In Barenboim v Starbucks Corp., 2013 NY Slip Op 04754 (NY Court of Appeals 2013), the NY Court of Appeals was asked by the U.S. Second Circuit Court of Appeals to answer two questions regarding the legality of Starbucks s tip-splitting policy under NYS Labor Law § 196-d.
The facts of the case are as follows. In each of its stores, Starbucks employs four categories of employees: baristas, shift supervisors, assistant store managers and store managers. Baristas are the lowest rung and work on a part-time, hourly basis. Shift supervisors are the next lowest rung, work on a part-time, hourly basis and have some supervisory responsibilities over the baristas. Assistant store managers represent the third rung in the Starbucks hierarchy. They work full-time, are paid on a salary basis, and possess greater managerial and supervisory authority than shift supervisors. Finally, the store managers are the highest ranking employees. They work full-time, are paid on a salary basis, and have the authority to hire and fire employees.

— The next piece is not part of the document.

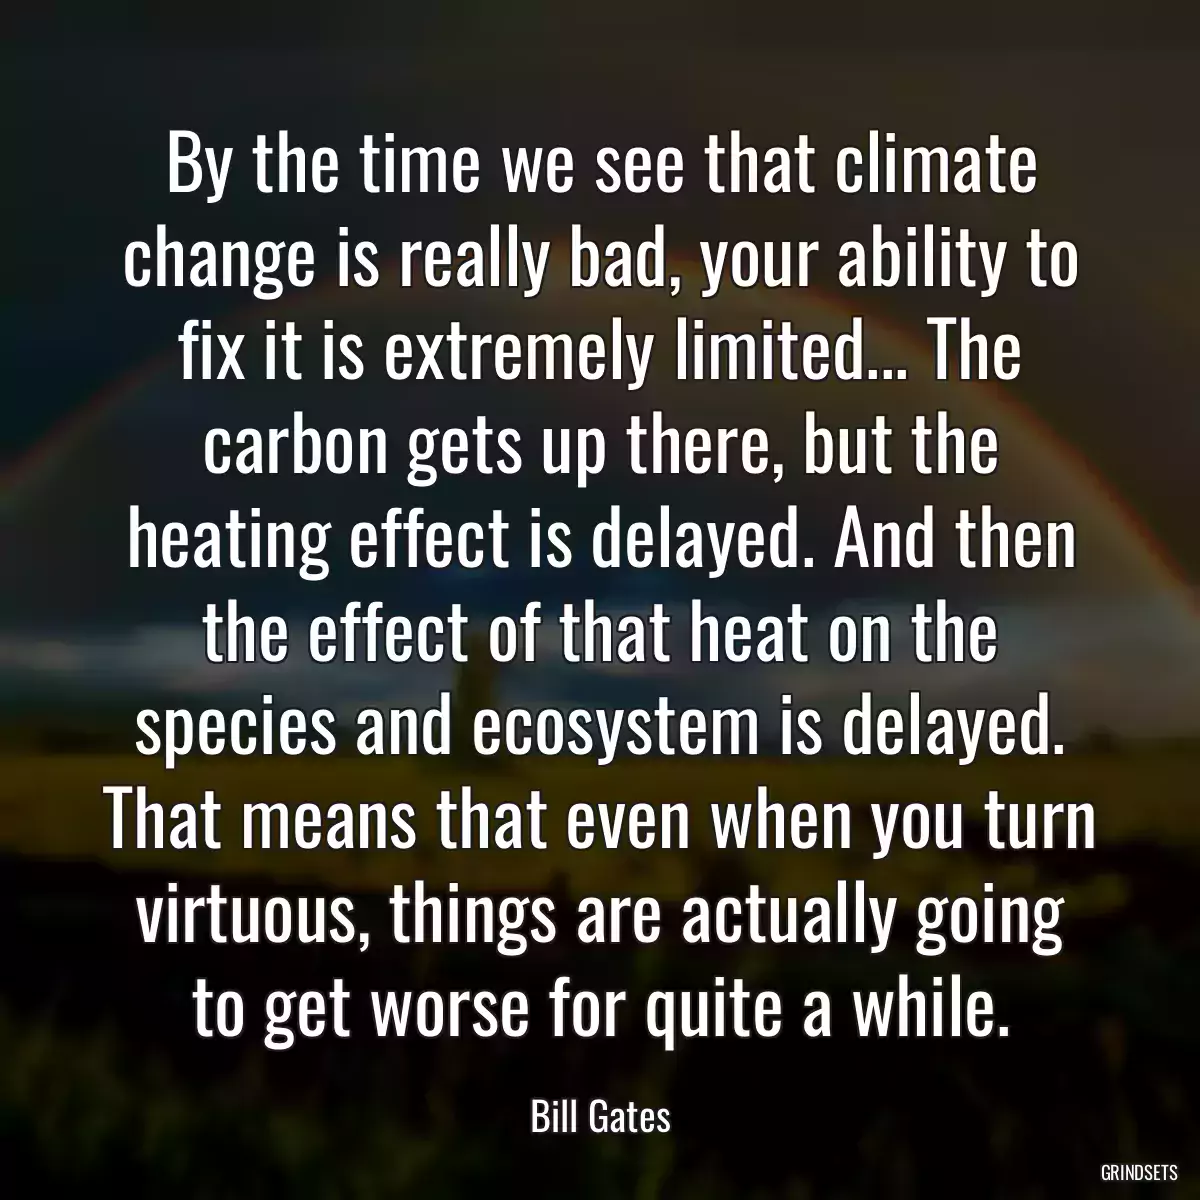 By the time we see that climate change is really bad, your ability to fix it is extremely limited... The carbon gets up there, but the heating effect is delayed. And then the effect of that heat on the species and ecosystem is delayed. That means that even when you turn virtuous, things are actually going to get worse for quite a while.
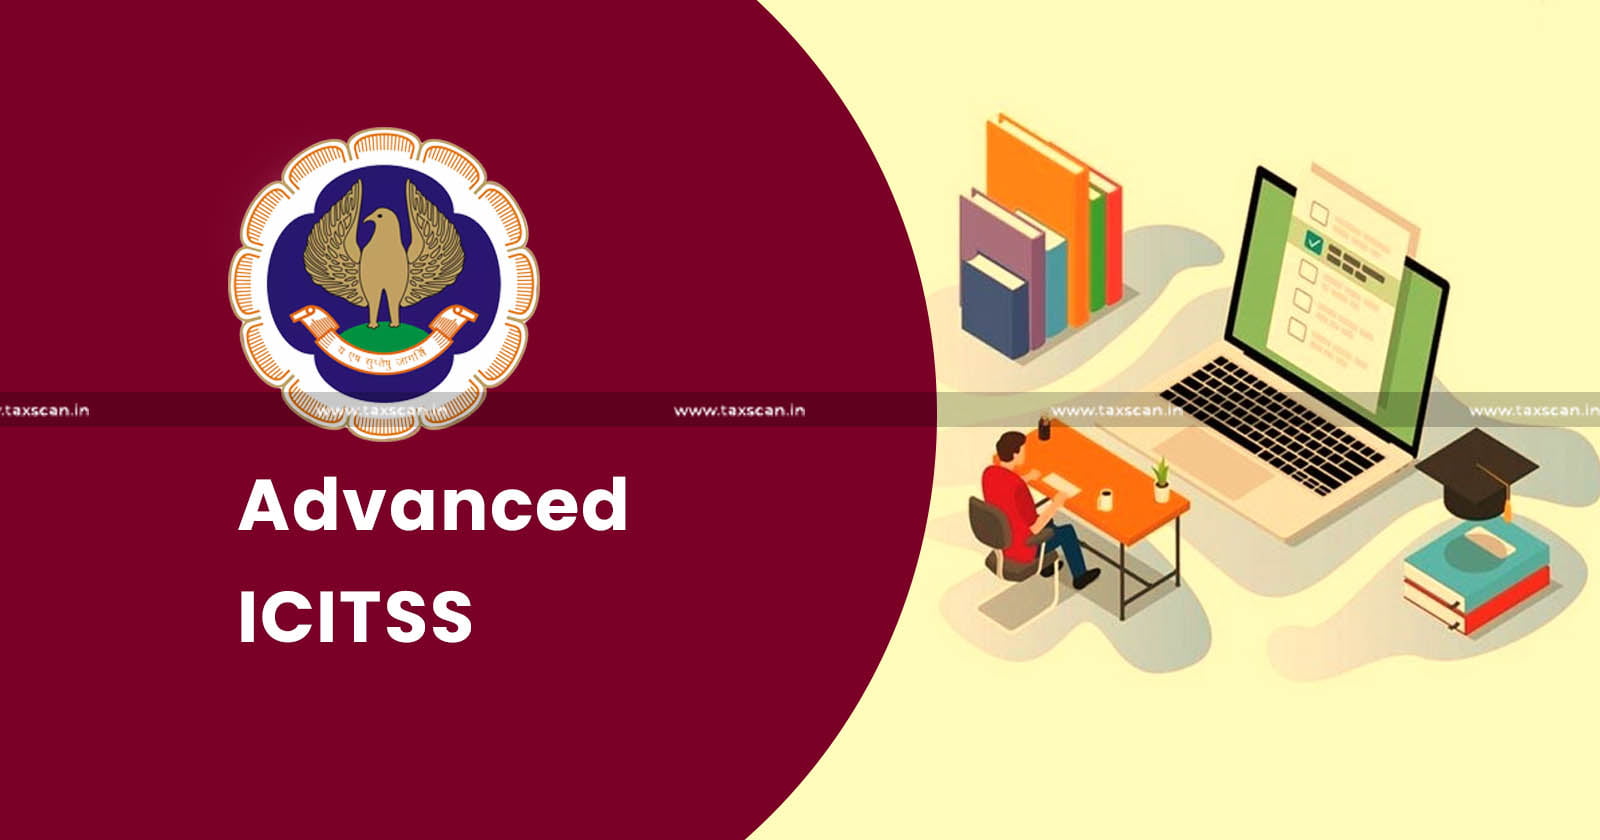 ICAI - chartered accountant - Advanced ICITSS - Computer Based Mode - taxscan

Starbucks maintains a written policy governing the collection, storage and distribution of customer tips. Pursuant to this policy, each Starbucks store places a plexiglass container at the counter where patrons may deposit tips. Once these tip canisters become full, Starbucks requires that they be emptied into a bag and the money is stored in a safe. At the end of each week, the tips are tallied and distributed in cash to two categories of employees, the baristas and shift supervisors, in proportion to the number of hours each such employee worked. Starbucks does not permit its assistant store managers or store managers to share in the weekly distribution of tips. The company’s decision to include shift supervisors in these tip pools was the impetus for the first question, namely, whether such inclusion violates Labor Law § 196-d (“Question 1”). The company’s exclusion of assistant store managers created the second question, namely, whether such exclusion violates that provision (“Question 2”).
In analyzing the case, the Court noted that Labor Law § 196-d states in relevant part: “No employer or his agent or an officer or agent of any corporation, or any other person shall demand or accept, directly or indirectly, any part of the gratuities, received by an employee, or retain any part of a gratuity or of any charge purported to be a gratuity for an employee. . . . Nothing in this subdivision shall be construed as affecting the . . . sharing of tips by a waiter with a busboy or similar employee.”
As to Question 1, the Court said that an employee whose personal service to patrons is a principal or regular part of his or her duties may participate in an employer-mandated tip allocation arrangement under Labor Law § 196-d, even if that employee possesses limited supervisory responsibilities. But an employee granted meaningful authority or control over subordinates can no longer be considered similar to waiters and busboys within the meaning of section 196-d and, consequently, is not eligible to participate in a tip pool. The Court left it to the federal courts-where the litigation pertaining to Question 1 currently resides- to apply these principles to the specific facts of the case. As to Question 2, the Court concluded, without much additional elaboration, that Starbucks’ decision to exclude assistant store managers from the tip pool is not contrary to Labor Law § 196-d. It indicated that, with some limitation (not applicable here), employees-even if eligible- can be excluded from the tip pool.